A high school star on the gridiron, he may have chosen a different path, but Augustine said that baseball was his No. 1 focus.
“I tore my knee up in high school, so I couldn’t play football,” he explained.
High school is also where Augustine met the woman he would later build a family with, Nancy Flaherty.
“She was a cheerleader at Kewaunee High School,” Augustine added.
But, sports weren’t his only focus in high school.
Augustine was a talented singer and rhythm guitar player who performed at a variety of venues in Brown, Door and Kewaunee counties 1964-68.
“Although today, we would be considered a garage band — a title given to musical groups which often practice in the garages of their members — our practice sessions were in the basement of our member’s houses,” said fellow band member and lead guitarist, John Schultz.
“Our playlist included songs by groups such as the Grass Roots, the Birds, the Kinks, the Rolling Stones and many more.”
Garage rock — garage punk or 60s punk — was a style of energetic music that became a craze 1963-68.
Augustine, Schultz and the other teenagers that made up the beat group were among many who formed bands across the state during that decade after the music genre spread from the UK and Europe.
The Kewaunee band members called themselves “The Riot.”
“It should be noted that back in the 1960s, the term ‘riot’ referred to the clashes between protesters and the police. Because of the constant presence of the word, riot, in the newspapers, we chose that as our name,” Schultz explained.

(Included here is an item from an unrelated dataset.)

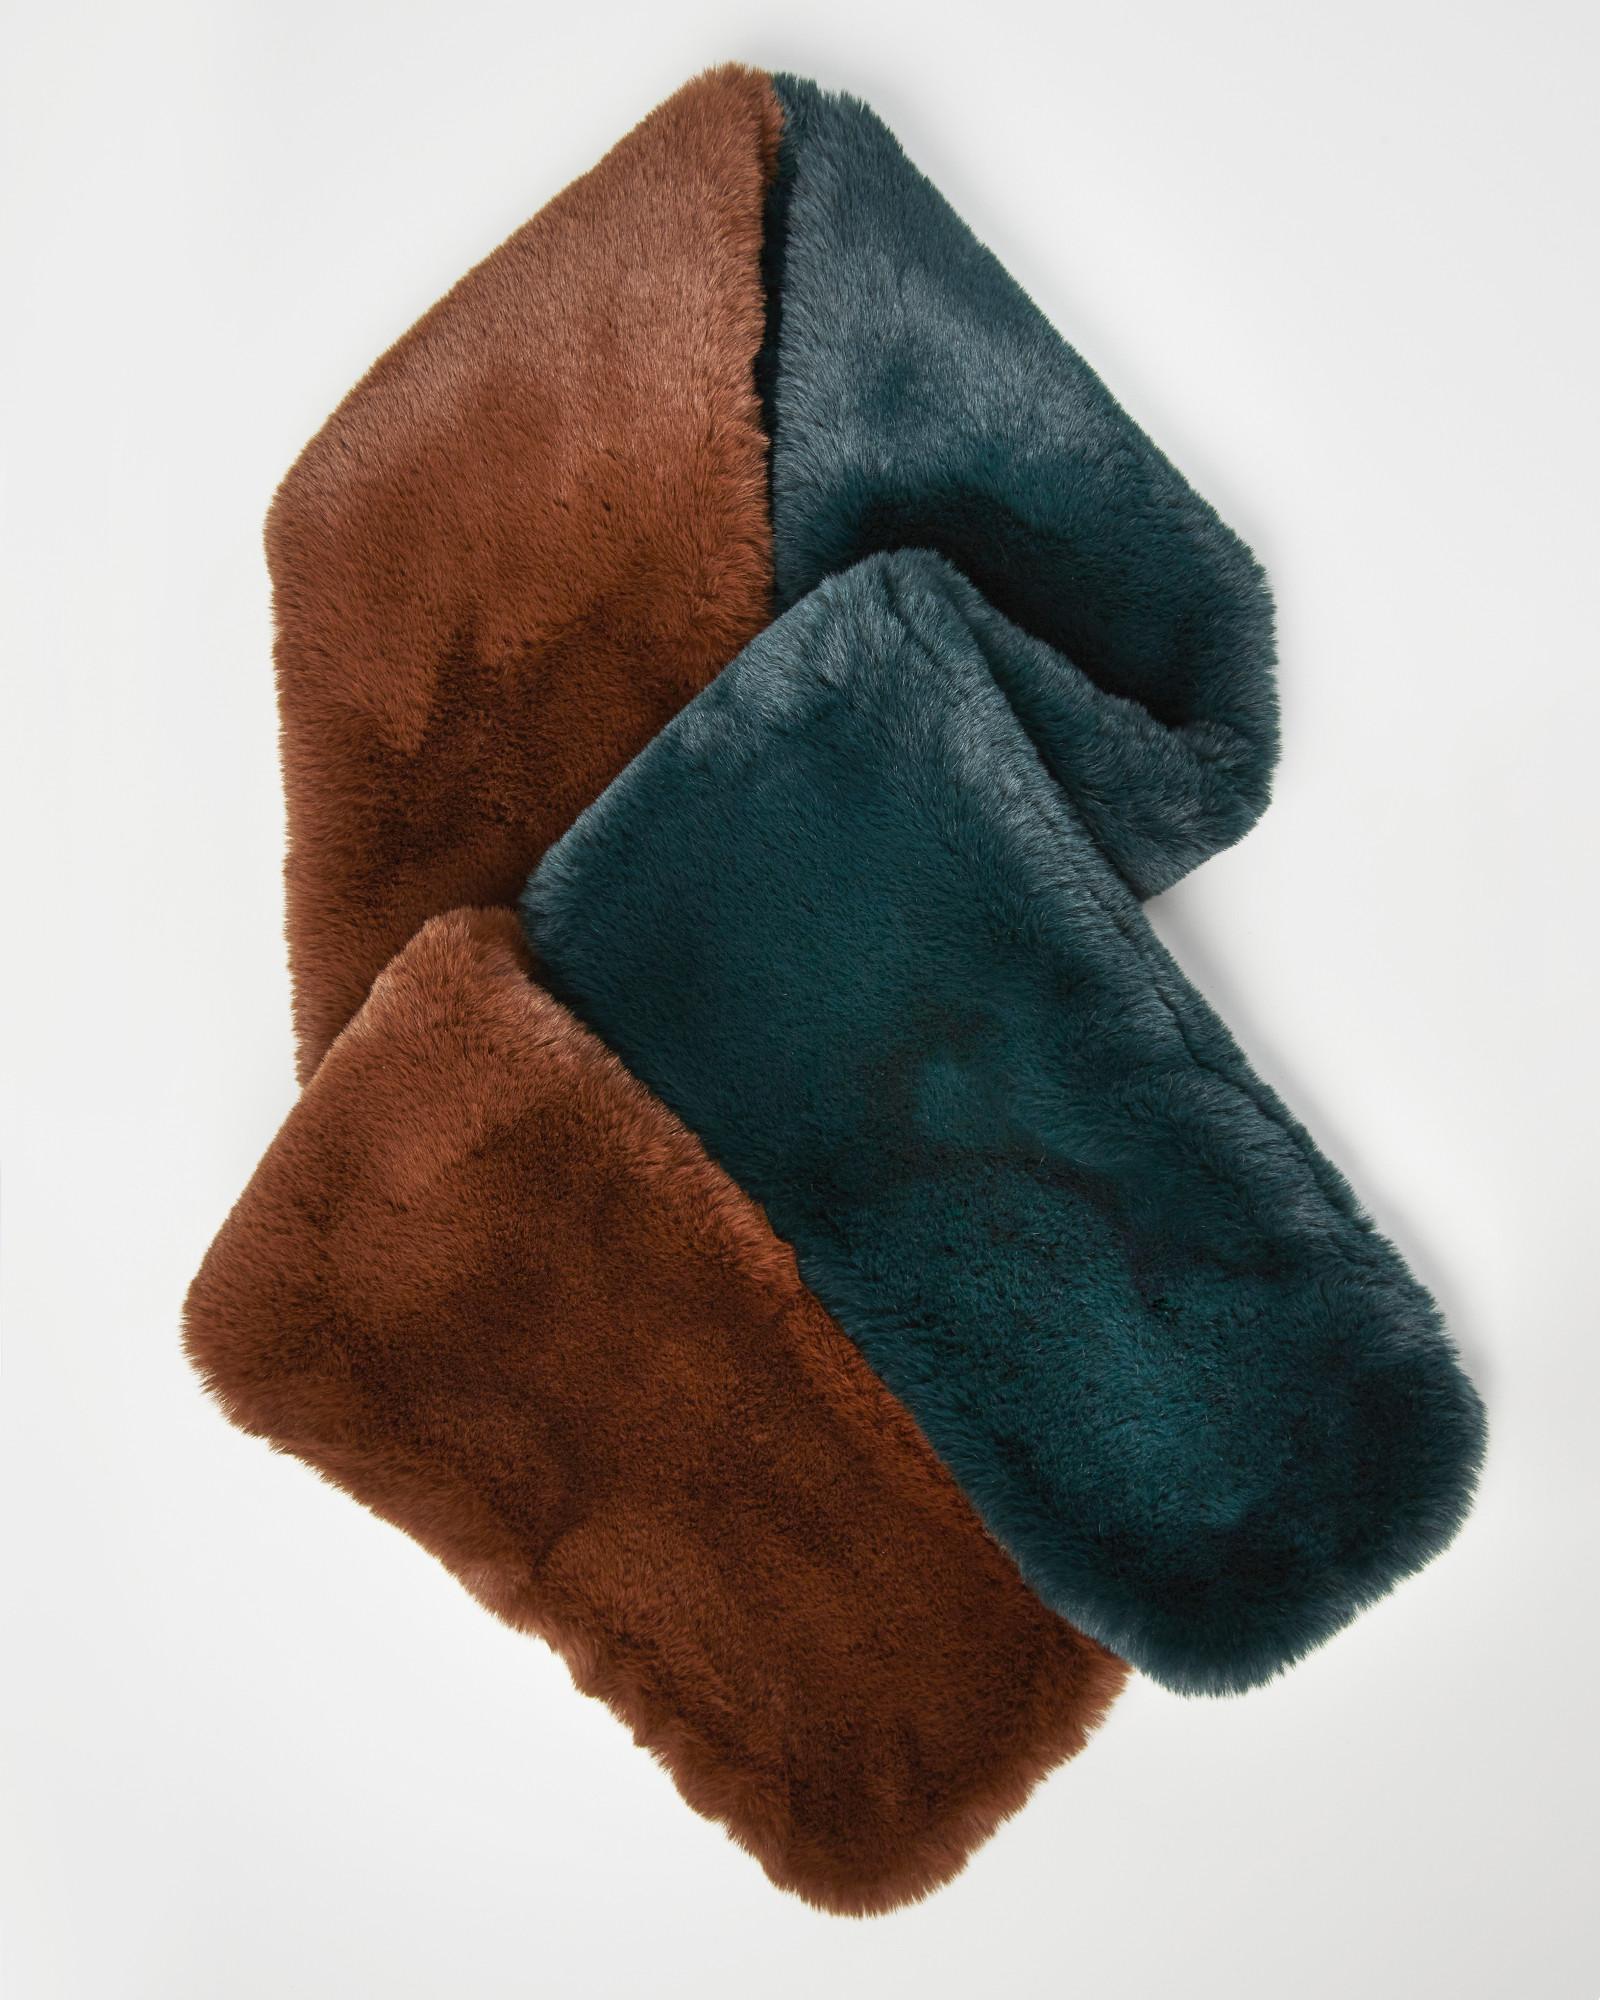 Oliver Bonas Women Faux Fur Brown Ankle Slipper Socks

“In the summer of 1967, The Riot won a Battle of the Bands in Sturgeon Bay at Corpus Christi High School. There were 10 bands from northeastern and southeastern Wisconsin. This gave us more exposure and landed us quite a few jobs.”
Schultz and Augustine were joined by bassist, Steve Suchowski; lead singer, Dave Harlow; drummer, Mark Novak; and organist, Larry Balleine.
“Most of The Riot members continued to play with different groups or jam with friends in our post-high school years. And as I look back to The Riot’s playing days, we may not have made the big time, but I can honestly say, it was a riot,” Schultz added.